Estate of Cowart v. Nicklos Drilling Co., 505 U.S. 469 (1992)

Estate of Cowart v. Nicklos Drilling Co.


No. 91-17


Argued March 25, 1992
Decided June 22, 1992
505 U.S. 469

CERTIORARI TO THE UNITED STATES COURT OF APPEALS
FOR THE FIFTH CIRCUIT

Syllabus

Floyd Cowart, whose estate is the petitioner, was injured while working on an oil drilling platform owned by Transco Exploration Company (Transco), in an area subject to the Longshore and Harbor Workers’ Compensation Act (LHWCA or Act). The Department of Labor gave respondent Compass Insurance Co. (Compass), the insurer for Cowart’s employer, respondent Nicklos Drilling Company (Nicklos), an informal notice that Cowart was due permanent disability payments, but none was ever made. In the meantime, Cowart settled a negligence action with Transco, which Nicklos funded under an indemnification agreement with Transco. However, Cowart did not secure from Nicklos or Compass a formal, prior, written approval of the settlement. Subsequently, Cowart filed a claim with the Department of Labor seeking disability payments from Nicklos. Nicklos denied liability on the ground that recovery was barred under § 33(g) of the Act, which provides that a "person entitled to compensation" must obtain prior written approval from the employer and its insurer of any settlement of a third-party claim, § 33(g)(1), and that the failure of the "employee" to secure the approval results in forfeiture of all rights under the Act, § 33(g)(2). The Administrative Law Judge awarded benefits, relying on past Benefits Review Board (BRB) decisions: one in which the BRB held that in an earlier version of § 33(g) the words "person entitled to compensation" did not refer to a person not yet receiving benefits; and another in which it held that, since this phrase was not altered in the 1984 amendments to the LHWCA that added § 33(g)(2), Congress was presumed to have adopted the BRB’s interpretation. The Court of Appeals reversed, holding that § 33(g) unambiguously provides for forfeiture whenever an LHWCA claimant fails to meet the written approval requirement.
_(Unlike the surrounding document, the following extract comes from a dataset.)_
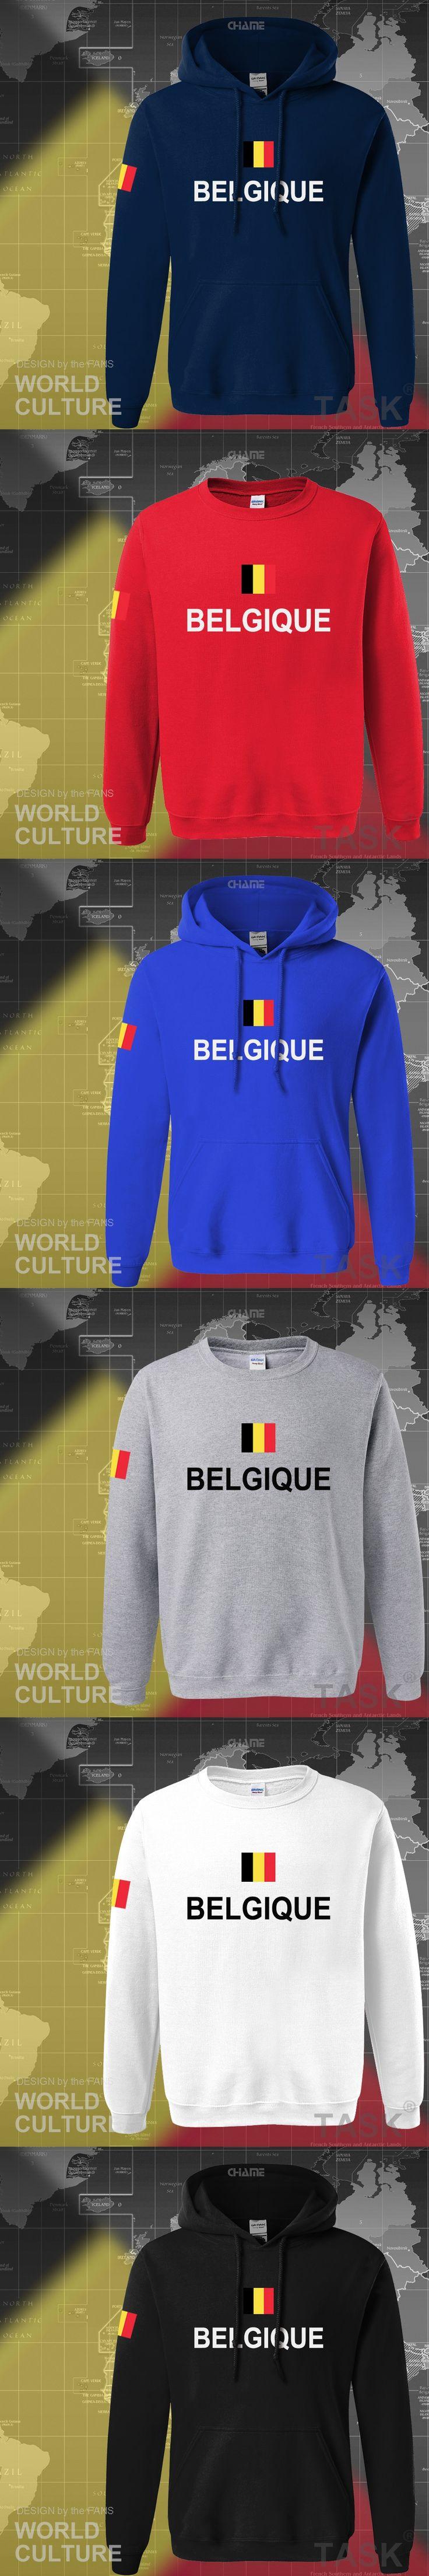 Belgium hoodie men 2017 sweatshirt polo sweat new hip hop streetwear clothing jerseys tracksuit nation Belgian flag BE belgique

Held: Section 33(g)’s forfeiture provision applies to a worker whose employer, at the time the worker settles with a third party, is neither paying compensation to the worker nor subject to an order to pay under the Act. The section’s language is plain, and cannot support the BRB’s interpretation. The normal meaning of entitlement includes a right or benefit for which a person qualifies, regardless of whether the right or benefit has been acknowledged or adjudicated. Thus, Cowart became "entitled to compensation" at the moment his right to recovery under the Act vested. If the language of § 33(g)(1) left any doubt, the ambiguity would be eliminated by the statute’s structure, especially the addition of subsection (g)(2). This interpretation of § 33(g) is reinforced by the fact that the phrase "person entitled to compensation" is used elsewhere in the statute in contexts in which it cannot bear Cowart’s meaning, and is not altered by the fact that subsection (g)(2) uses the term "employee," rather than that phrase. Contrary to Cowart’s argument, this interpretation of § 33(g) gives full meaning to all of subsection (g)(2)’s notification and consent requirements. The question whether Nicklos’ participation in the settlement brings this case outside § 33(g)(1)’s terms is not addressed, since it was not fairly included within the question on which certiorari was granted. The possible harsh effects of § 33(g) are recognized, but it is the duty of the courts to enforce the judgment of the legislature; it is Congress that has the authority to change the statute, not the courts. Pp. 475-484.

927 F.2d 828, (CA5 1991), affirmed.

KENNEDY, J., delivered the opinion of the Court, in which REHNQUIST, C.J., and WHITE, SCALIA, SOUTER, and THOMAS, JJ., joined. BLACKMUN, J., filed a dissenting opinion, in which STEVENS and O’CONNOR, JJ., joined, post, p. 484.